The present invention relates, in general, to apparatus for producing uniform strands of glass fiber from different sections of a fiber glass bushing, and, more particularly, to a remotely controllable three-terminal circuit for regulating the current flow in, and the temperature of, sections of a fiber glass bushing.
Glass fibers are produced by drawing multiple streams of molten glass at a given rate of speed through orifices or nozzles located in a heated container, known in the fiber glass industry as a bushing. The bushing contains molten glass which is electrically heated and maintained at a given temperature to provide molten glass at a desired viscosity at each of the orifices. The maintenance of a uniform temperature across the face of the bushing; that is, across the area of the bushing on which the orifices are located, is important in providing uniform fiber formation at each orifice.
The fibers drawn from the orifices of a bushing are gathered, after they solidify, into one or more strands, which are then collected on a collet to produce one or more forming packages. In recent years, bushings have increased in size so that bushing having 800 to 2,000 or more orifices are commonplace. It is also common practice to produce more than one strand from larger bushings, and to wind those strands on a single collet to produce corresponding forming packages. Typically, this is accomplished by using one side of a bushing to produce one strand, and the other side to produce a similar second strand.

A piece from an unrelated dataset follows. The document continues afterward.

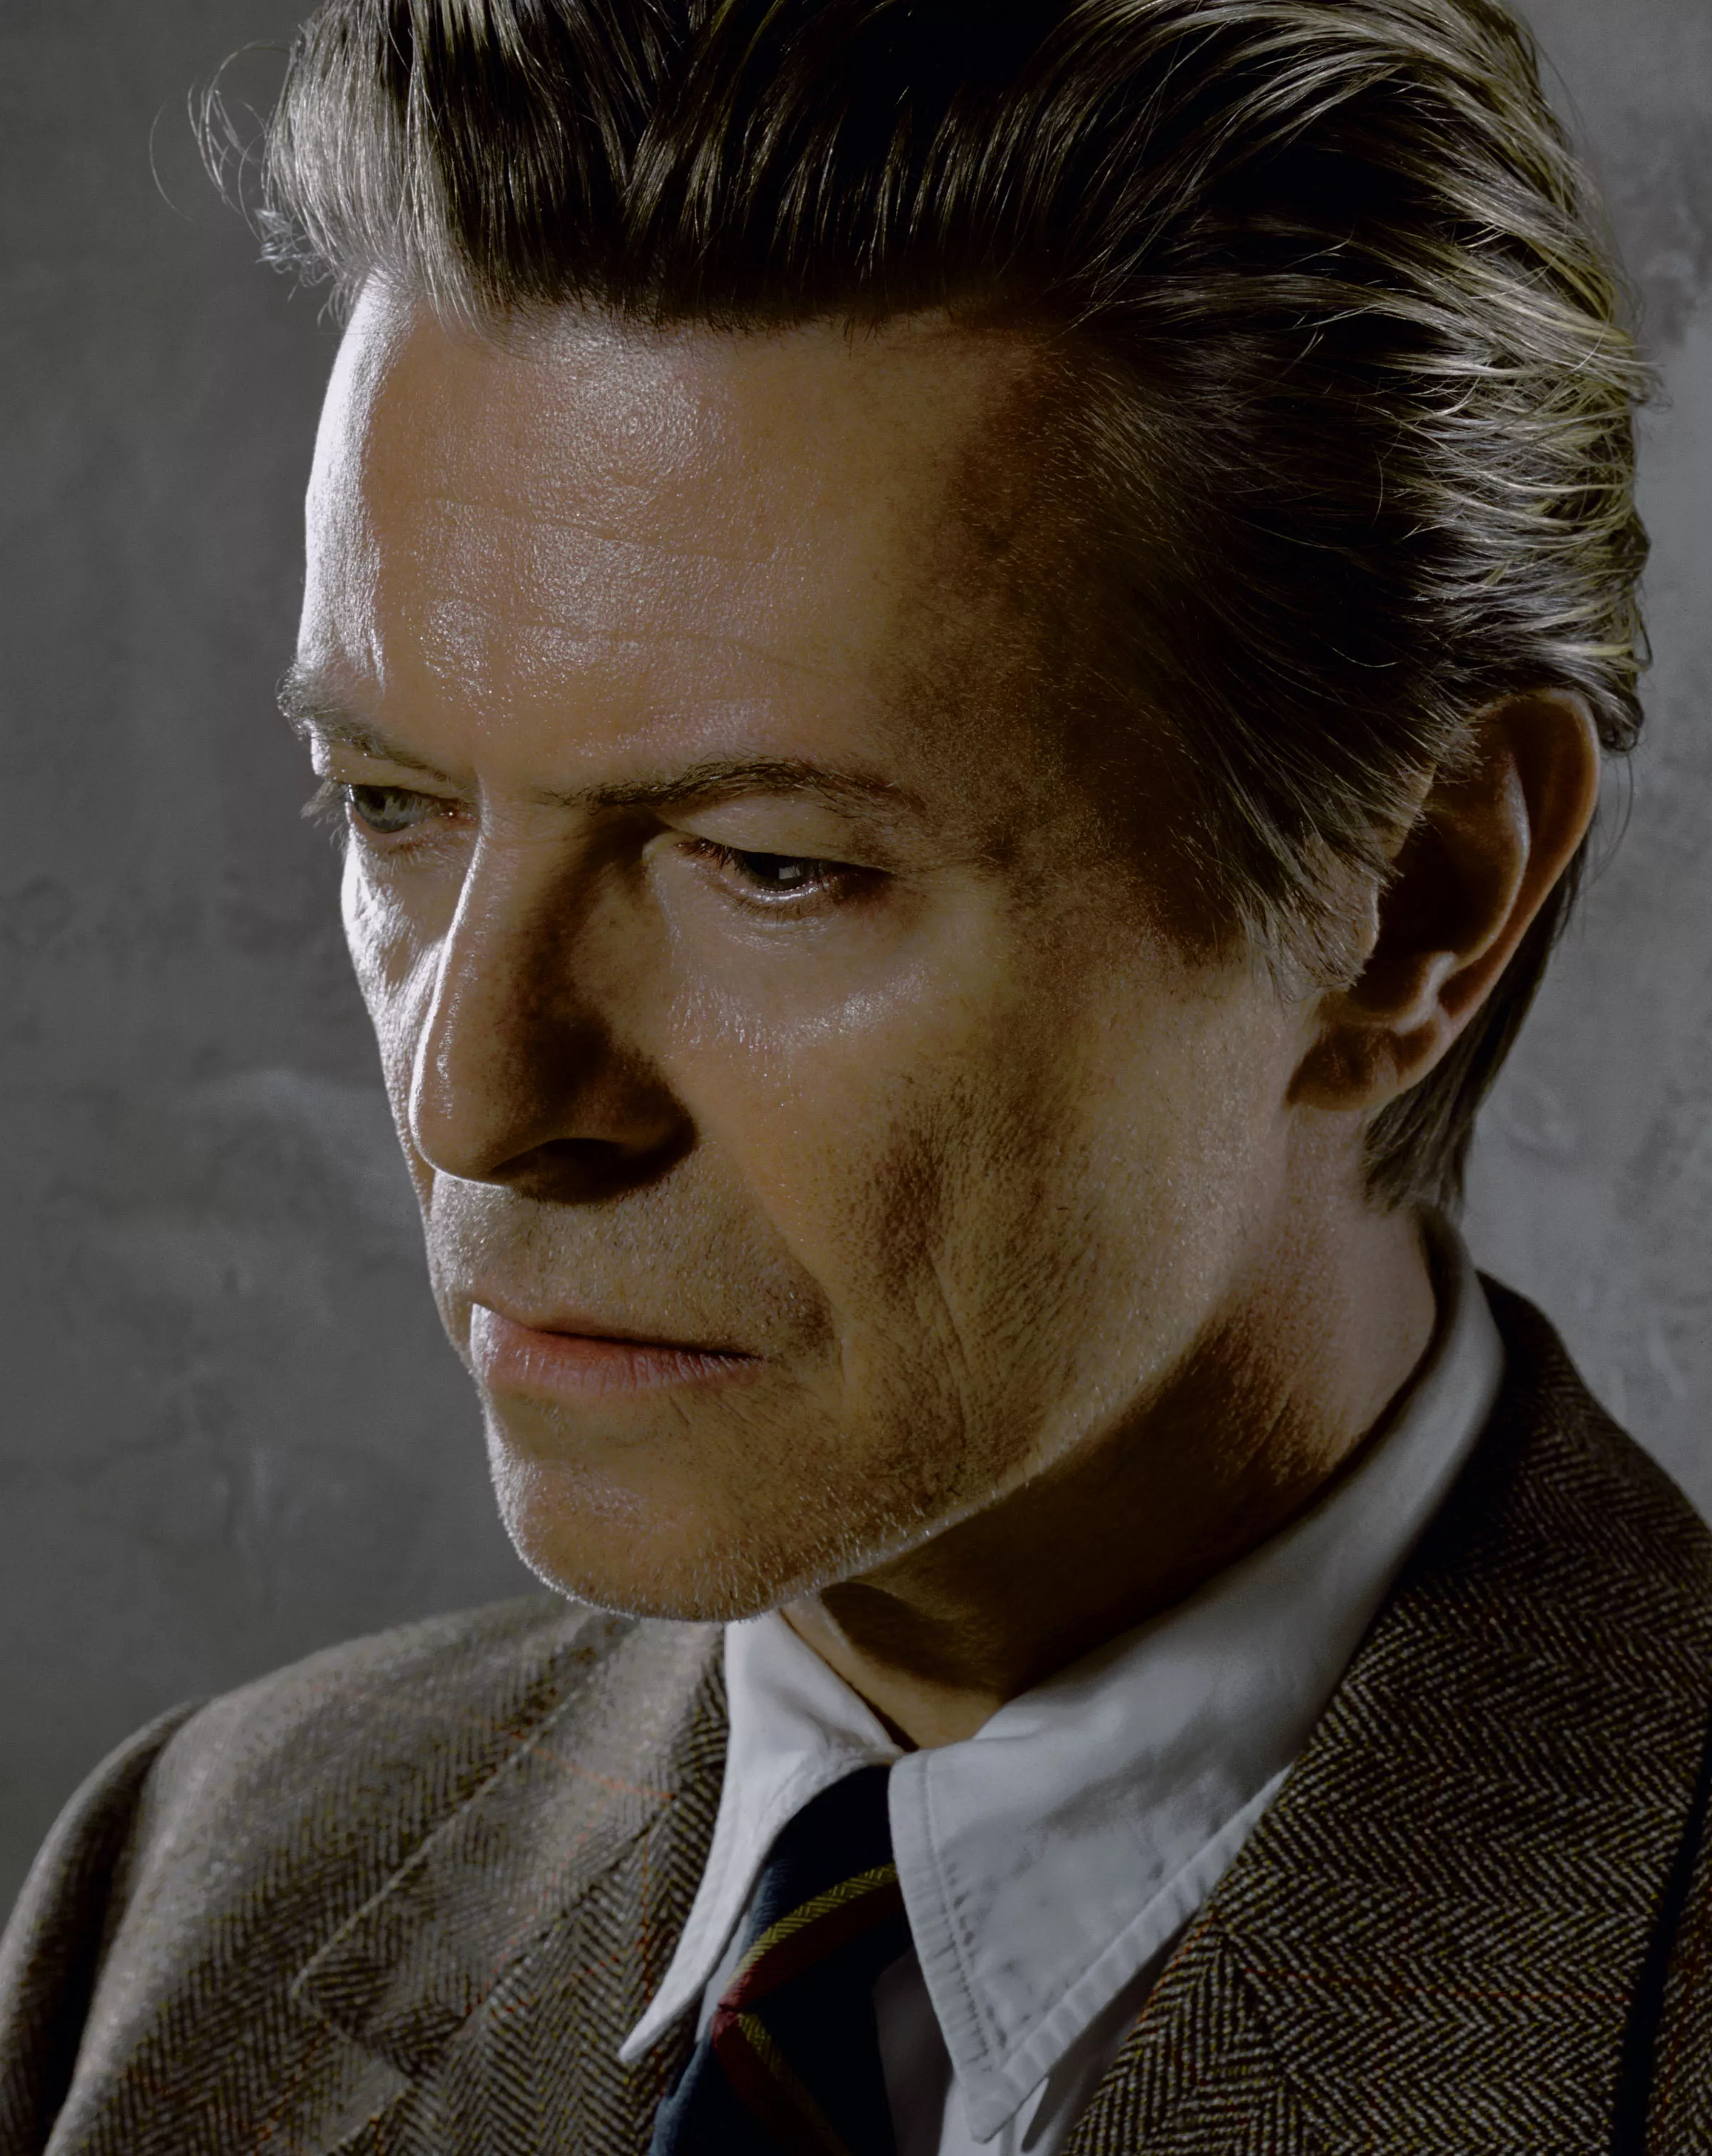 David Bowie udgiver nyt skørt album til januar

Splitting the bushing in this manner, to produce more than one strand, requires precise control of the bushing temperature from side to side, so that the strands so produced and collected on a collet will have the same yardage, that is, the same number of yards per pound of glass in a formed package, collected over a given period of time. Even small variations in temperature between the two sides of a split bushing will produce substantial differences in the fibers produced at the orifices, and this will be evidenced by a substantial variation in the weights of the forming packages produced by the respective strands.

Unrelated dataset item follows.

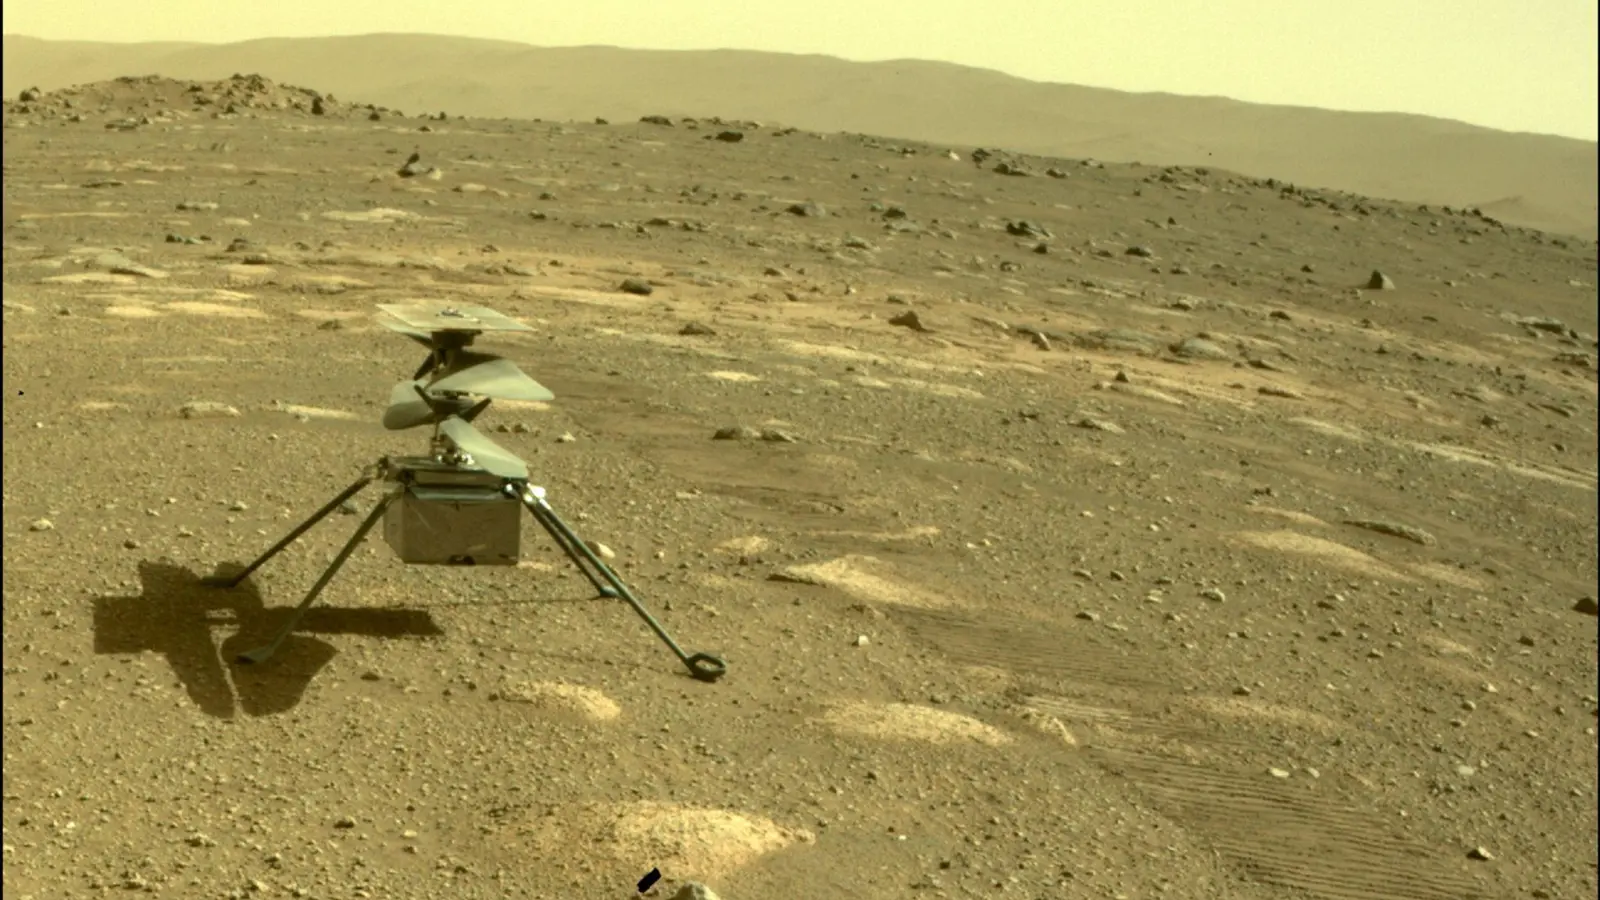 Der Hubschrauber „Ingenuity“ der US-Raumfahrtbehörde Nasa zu sehen auf dem Mars, aufgenommen von der hinteren Kamera des Rovers „Perseverance“. (Foto: NASA/JPL-Caltech/dpa)

In recognition of the foregoing problem, various attempts have been made to compensate for such differences, for example, by adjusting air flow to the bushing, adjusting fin cooler placement under the bushing orifices, adjusting terminal clamp positions on the bushing, and the like. Adjustments of the bushing structure are, at best, a function of operator skill, and fall short of being satisfactory, since such changes are manual, time consuming, and imprecise. An improvement over such mechanical adjustments is the system shown in U.S. Pat. No. 4,024,336, which describes a system which controls two sides of a bushing by using two full-wave variable impedance devices to regulate current transmitted to the bushing by a power transformer. Although this device permits the relative yardage of two strands produced from a split bushing to be manipulated, the device has not always been effective because, as a change on one side of the bushing occurs, it is always accompanied by a change on the other side. Further, the system described in this patent requires the use of a temperature controller on each side of the bushing, as well as two full-wave variable impedance devices, and, thus, is a costly system on a per-bushing basis.
In U.S. Pat. No. 4,546,458 and assigned to assignee of the present application, the disclosure of which is hereby incorporated herein, a bushing controller is described in which a variable impedance shunt is connected in parallel with the bushing and with the secondary of the power transformer which feeds current to the bushing. The variable impedance is provided by a potentiometer consisting of a resistance element having a wiper arm, or tap. The resistance element is connected across the ends of the bushing, and the tap is connected to a center point on the bushing, so that movement of the tap alters the impedance connected across the two halves of the bushing.
While the system described in U.S. Pat. No. 4,546,485, effectively controls the current in the bushing from side to side, that system has been found to be unreliable, since it requires periodic mechanical adjustment of a moveable tap which is normally located close to the bushing, and is subject to contamination by the moist environment and the chemical binders normally present in a glass fiber-forming area. Further, the mechanical adjustment of a potentiometer tap lacks precision, and, thus, does not provide totally satisfactory control.
Accordingly, a need exists for a system which will produce a precise and reliable control of the temperature of the forming surface and of the orifices in a fiber glass bushing to enable such a bushing to produce consistent fibers throughout the bushing. Further, a need exists to provide a control system which remains free of contaminants for long-term reliability, and which can be controlled from an area remote from the fiber-forming area, so that numerous bushings can be regulated from a central location.